DeWanda Smith Soeder, 58, also recently found herself out of work after a full-time human resources consulting gig unexpectedly ended.
"I got the proverbial phone call — they were reducing the project," Smith Soeder said. "I was last hired, and you know what happens to the last hired. This is the first time I've been unemployed without a safety net."
Smith Soeder is African-American and owns her own home in Sarasota, Florida, where she lives with her teenage son. She has two grown daughters who live out of state. She has a B.A. in business and an M.A. in psychology; she has decades of corporate experience, ranging from outside sales and franchise management to senior leadership in HR departments, specializing in diversity training and minority recruitment.
Early in her career, she recalls being the only African-American member of a management team that got together twice a month after work to play cards. The game was euchre.

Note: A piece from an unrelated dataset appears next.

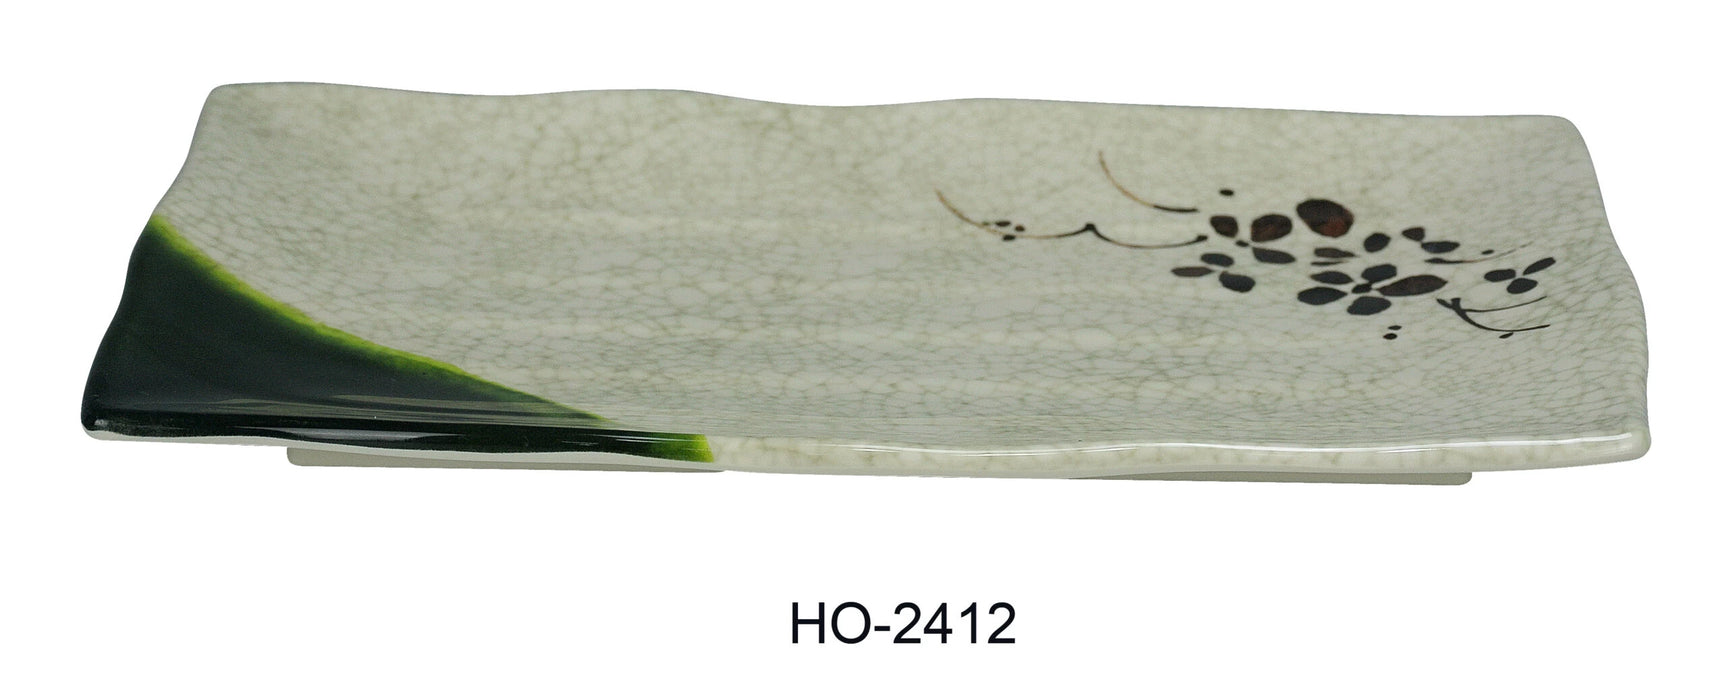 Yanco HO-2412 Honda Ripple Plate, Rectangular, 11″ Length, 8″ Width, Melamine, Pack of 36

"They would go to someone's house," Smith Soeder said. "Not only was I never invited to go play euchre, but one of my co-workers used to come to my office to find out if I had any ideas for what she could make as an hors d'oeuvre to take to the game."
Smith Soeder had no interest in playing euchre, but she said she paid a price in terms of career and income advancement by not being included.
"This is where they talk about the jobs that are coming open in the company, the different leaders, what area is moving, which one's not. It's a very informal system."
She's tried to challenge such informal systems of excluding women and minorities at work using stories like this in the diversity trainings she runs as an independent HR consultant. But now, facing unemployment, she's also working to develop a new entrepreneurial career as an actress and writer.